Introduction: Ordinary Life on High Alert

ORANGE ALARMS. It regulates. It highlights bodies and spaces for oversight. It demands constant vigilance. Orange polarizes. It marks some for protection and others for scrutiny. It is the color of risk management, of infrastructural failure, and of rising global terror, pandemic, and environmental threat. It is a temporary sign of hazard that now hangs permanently. Orange scandalizes. It scams. It misdirects. Nothing rhymes with orange.

This book uses the color orange as an interpretive key for theorizing the uneven distribution of safety and care in the twenty-first-century U.S. social landscape. It examines the institutional history and social politics of one hue in particular: the color “Safety Orange” (also known as “Blaze Orange,” “OSHA Orange,” and “Hunter Orange”), which has in recent decades become omnipresent in American public life. Today, it is most visible in the contexts of traffic control, work safety, and mass incarceration.

If the U.S. cultural present were a color, it would be Safety Orange. The hue first emerged in the 1950s as a bureaucratic color standard for conveying warning in U.S. technical manuals and federal regulations; it was chosen for its effectiveness in setting objects apart from their natural environment, particularly against blue sky.1 Around the same time, a separate panel of experts determined that fluorescent orange was the most visible color for the most people under the widest variety of conditions. Safety Orange’s high visibility has to do with how molecules absorb energy when they are exposed to certain wavelengths of light: UV-reactive fluorescence emits light in the presence of UV radiation, causing a boost in our color perception and making fluorescent colors like Safety Orange appear bolder and brighter to our brains. By the 1960s, the color had been adopted by states across the United States as the mandatory color standard for hunters’ safety gear. The color was found to be useful for hunters precisely because it is so unmistakably manmade, “so startlingly vivid and unnatural that it dispels all notion that you are looking at a deer, or anything else occurring in nature.”2

But these days safety is the last thing we associate with Safety Orange, which despite its name now invokes a state of generalized alarm.
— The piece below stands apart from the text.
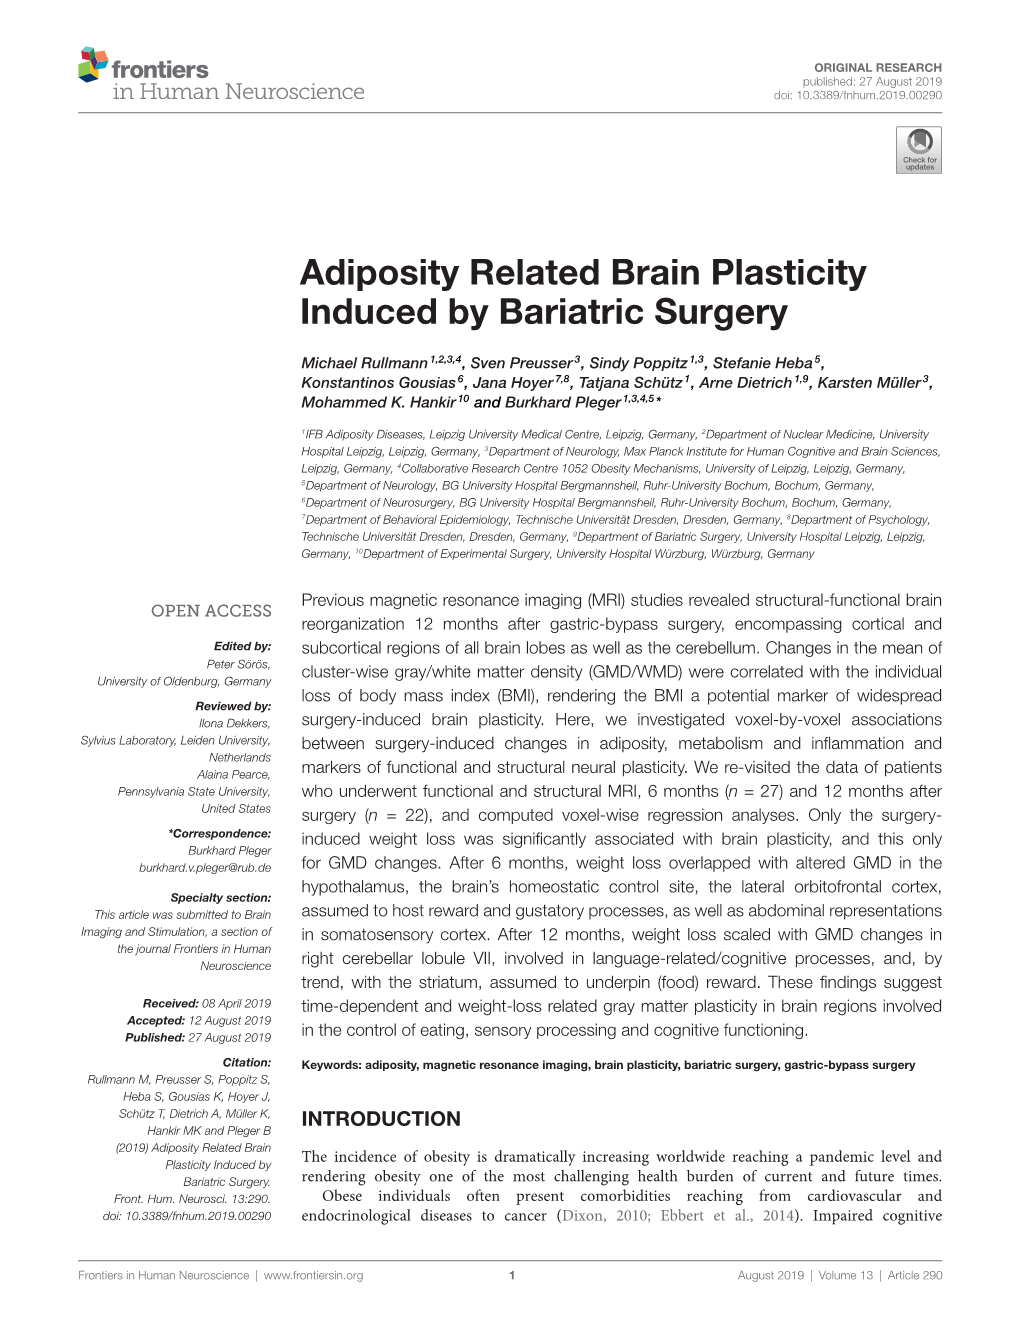 Adiposity Related Brain Plasticity Induced by Bariatric Surgery

Today, the color is ubiquitous—a result of developments in advanced liberal or “neoliberal” forms of governance (the shrinking of the state mandate and divestment from national infrastructure and an emphasis on personal choice and self-management), security strategies (defined by the expansion of militarized regimes of control and surveillance at home and abroad), and unsustainable economic growth (the rise of a culture of cheaply produced and highly disposable consumer goods). A relic from the post-9/11 state of exception turned permanent fixture in an era of responsibilization3 and expanding precarization, orange is the environmental and semiotic expression of these developments in the American public sphere. The color marks the extremes of both state oversight and abandonment, both capitalist excess and dereliction. Safety Orange designates certain bodies for safeguarding (it is used for hazard cones, high-visibility vests, and life jackets) and others as threats (it marks certain prisoners for particular supervision).4 The U.S. contemporary landscape is saturated in orange, which allows the tracking of bodies, neighborhoods, and infrastructures coded as worthy of care—and of those deemed expendable, and thereby subject to heightened risk of social and ecological death and debility.5 As such, the color is an exemplary marker of the racial logics behind narratives of “public safety” used to legitimize U.S. militarized policing and securitization.6 Safety Orange speaks in two registers of neoliberal administration: the soft power of state withdrawal, which intones Please proceed with caution, and the hard power of the militarized state of exception, which grunts Keep moving, there is nothing here to see! The significance of Safety Orange for the current moment lies in the paradoxical effects of its hypervisibility under racial and commodity capitalism: its capacity to both attract and repel makes it a useful material index for a phenomenology of neoliberal attention.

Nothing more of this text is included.